Почему же Маргарита Абрамовна еще этого не поняла?
Катя встала, поставила свою грязную тарелку и приборы в посудомойку, пожелала всем спокойной ночи и направилась в спальню.
Герман был расстроен, он лежал на постели с книгой, но Катя понимала, что он просто смотрит на буквы и не видит их.
— Больше всего в детстве я ненавидела, когда мама меня сравнивала с Валей, Колей, Олей. Вот Леночка такая молодец, а ты, Катери-и-и-и-ина? А я знаешь, что делала?
Герман вопросительно посмотрел на девушку.
— А я, дура, смотрела на Леночку и пыталась быть такой, как она. Ведь тогда меня мама полюбит! Я бегала за пятерками, рыдала, когда получала четверки и один раз чуть не убилась за тройку. Даже не буду тебе об этом рассказывать, — она махнула рукой, достала из гардероба новую пижаму и направилась в ванную.
Когда вернулась, свет в спальне был потушен, Гера лежал к ней спиной и делал вид, что спит.
Катя решила его не тревожить. Иногда нужно просто помолчать, чтобы стало легче. Лечит не только время, но и тишина.
Катя залезла под одеяло и вспомнила школу. Она тогда свято верила в то, что если не будет отличницей, то родители ее не будут любить. Казалось бы, что плохого в четверке? Но у нее тогда уже срабатывала бинарная система: или все или ничего. Если она получит четверку, то опозорится, и родители никогда ее не полюбят. Катя уже в том возрасте умела сама себя так накрутить, что ненавидела и презирала за слабости и ошибки.
И в этой ситуации ей бы очень помогла мать, если бы сказала, что оценки — это не главное. Но, к сожалению, Светлане Николаевне очень нужен был гениальный ребенок, которым бы она хвалилась, а не стыдилась. «Я в твоем возрасте…» — это была любимая фраза ее мамы.
Вспоминая все это сейчас, Катя понимала одно: как хорошо, что она изолировалась, живет сейчас самостоятельно и делает то, что хочет!
За завтраком мама Германа вела себя на редкость сдержанно: не учила жизни, не язвила, не упрекала.
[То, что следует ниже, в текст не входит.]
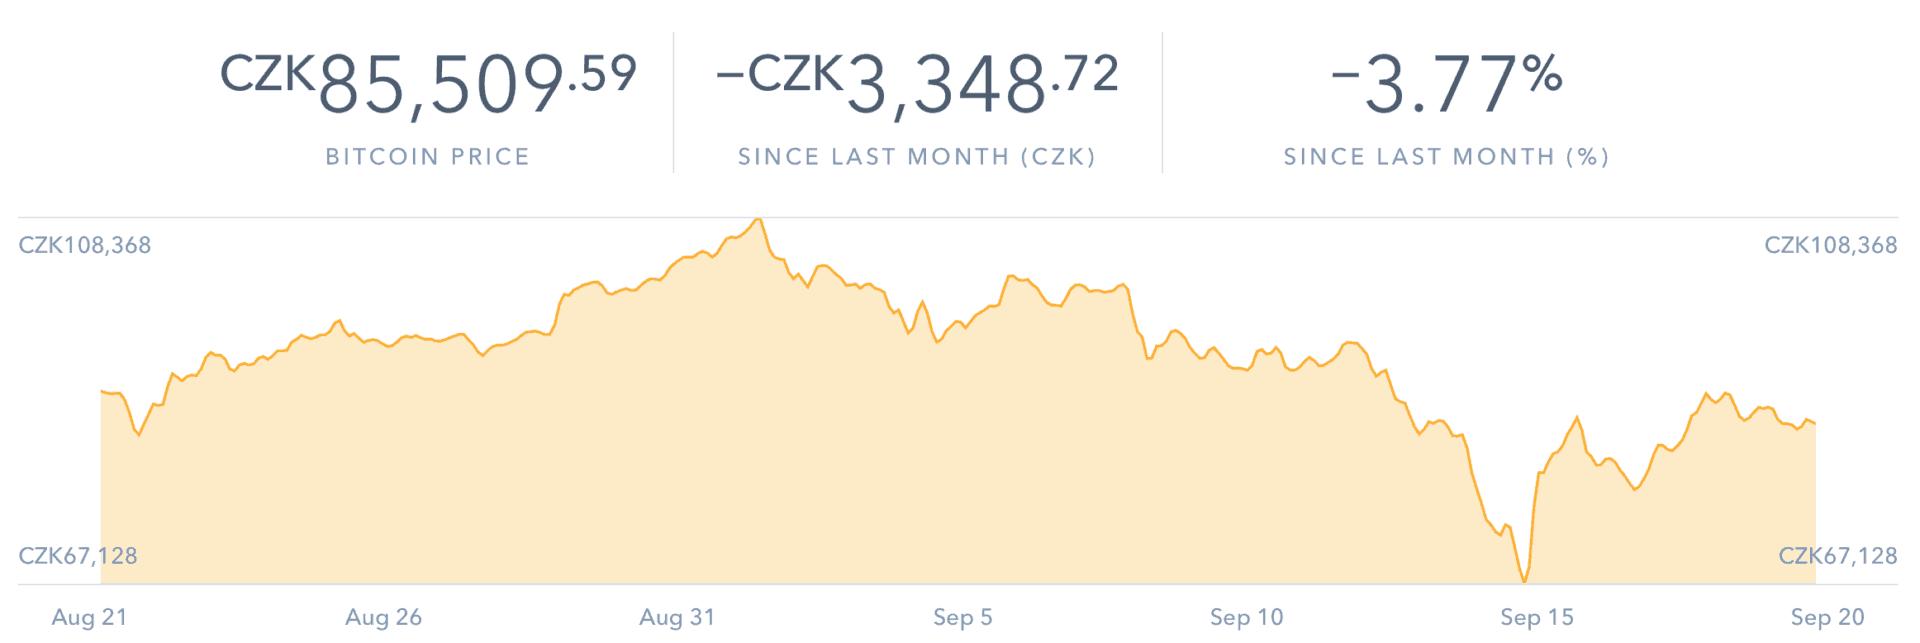 Cena Bitcoinu s převodem na CZK (Datum: 20.9.2017)

Катя приготовила ей отварное яйцо и засушенный тост. Она съела всего четвертинку хлеба и, сославшись на усталость, ушла в свою спальню.
— Что-то ей совсем плохо, Гер, — заметила Катя.
— Да… она сегодня не белая, а синяя какая-то, — поддержал наблюдения Данила.
— Может, врача вызовем? — предложила Катя.
Мужчины переглянулись.
— Я схожу, поговорю с ней, — сказал Герман и решительно направился в спальню к матери.
Вернулся он через несколько минут, потухший и унылый. Сказал, что мама хочет провести весь день в кровати.
Мужчины стали собираться на работу, а Катя принялась готовить обед: рыбу и овощи на пару.
Через пару часов она заглянула в комнату свекрови и когда открыла дверь — все сразу поняла. Маргарита Абрамовна лежала на постели ровно, сложив руки на груди. Проверять пульс даже не имело смысла. Катя еще вчера догадалась, что женщина прилетела к сыну не в гости, а умирать.
Катя набрала Данилу, тот не удивился и, подняв трубку, спросил:
— Нам прийти?
— Да.
Организацию похорон взял на себя Данила. Герман в основном сидел с поникшей головой или смотрел на всех мутным взглядом.